**Excerpted records**:
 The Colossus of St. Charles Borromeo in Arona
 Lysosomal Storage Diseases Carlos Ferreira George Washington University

--

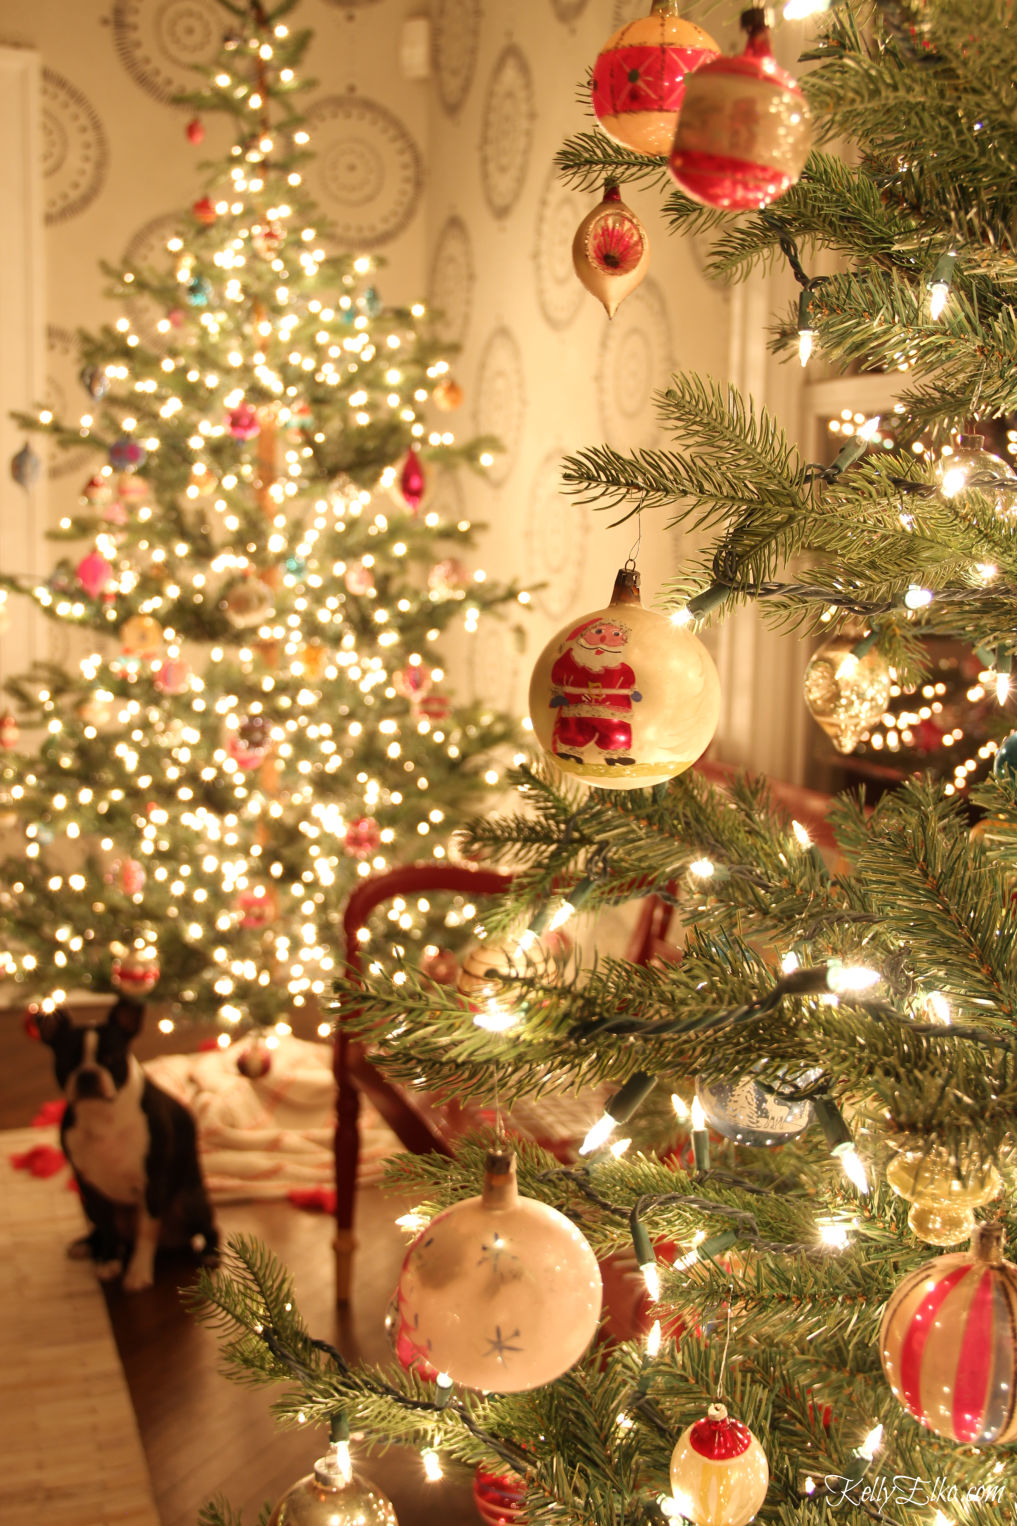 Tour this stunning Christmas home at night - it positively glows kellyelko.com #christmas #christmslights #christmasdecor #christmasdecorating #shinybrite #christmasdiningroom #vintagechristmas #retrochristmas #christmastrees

---

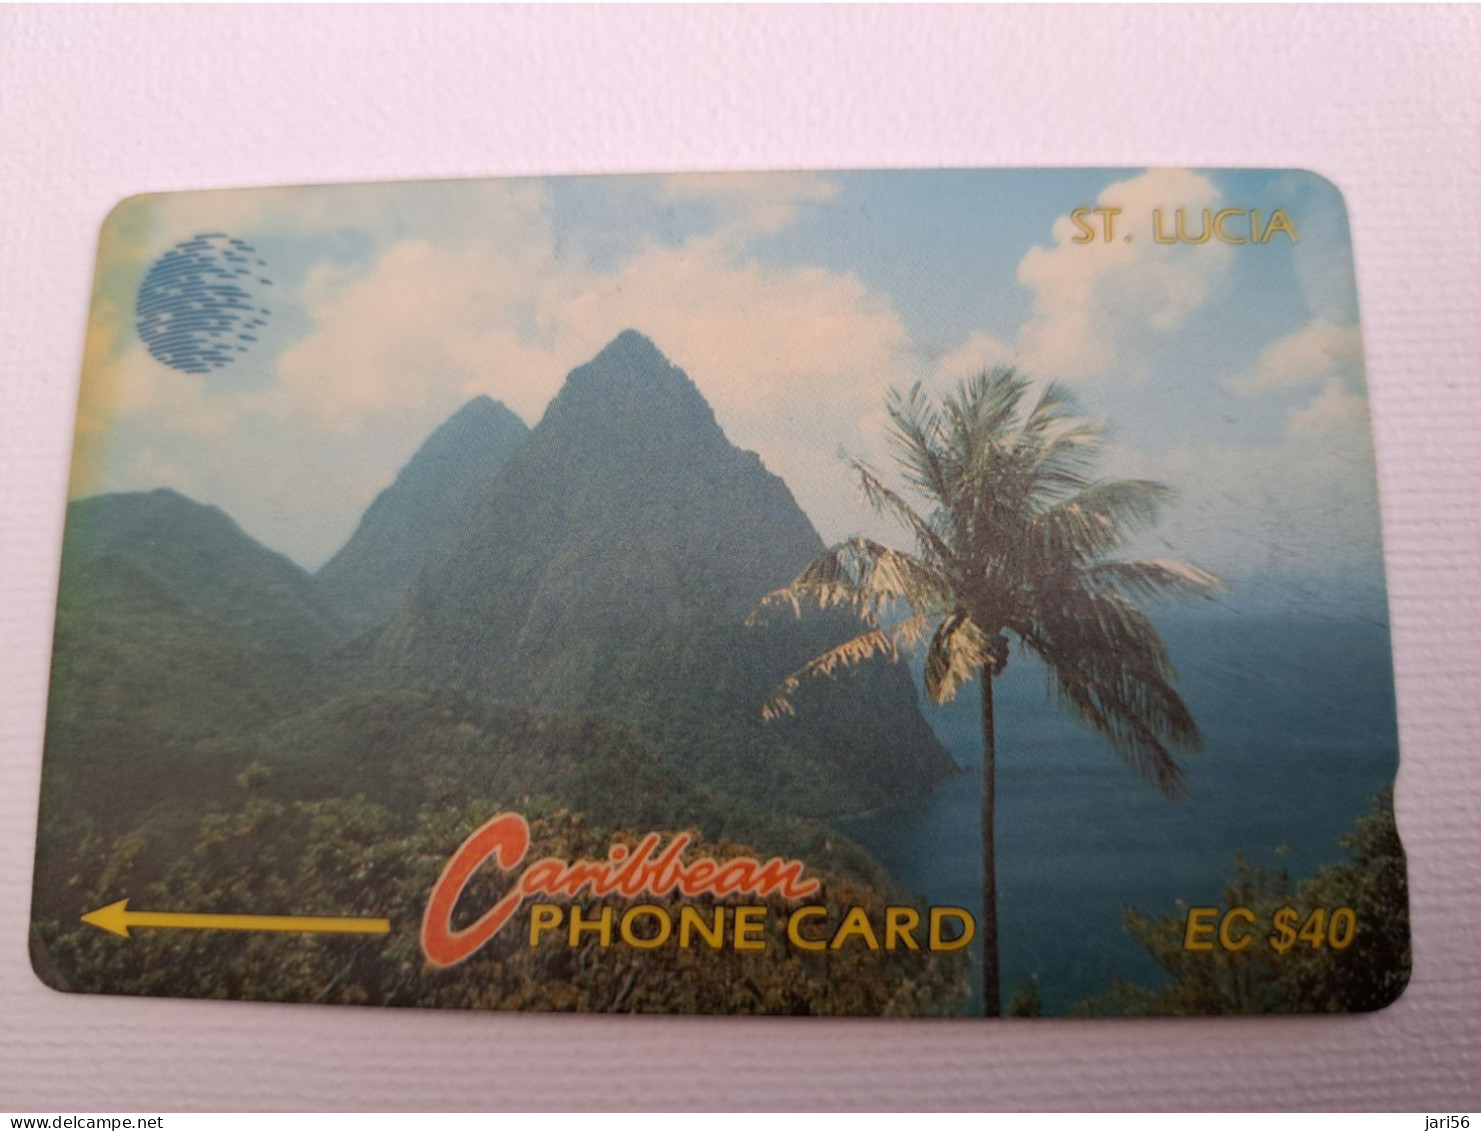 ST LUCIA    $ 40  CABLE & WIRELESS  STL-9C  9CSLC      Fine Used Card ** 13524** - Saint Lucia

**What to work on**:
Everything above from the line containing "The Colossus of" down to the line containing "Lysosomal Storage Diseases" should be copied exactly, both end lines included, and nothing else.

**Response**:
 The Colossus of St. Charles Borromeo in Arona
 Lysosomal Storage Diseases Carlos Ferreira George Washington University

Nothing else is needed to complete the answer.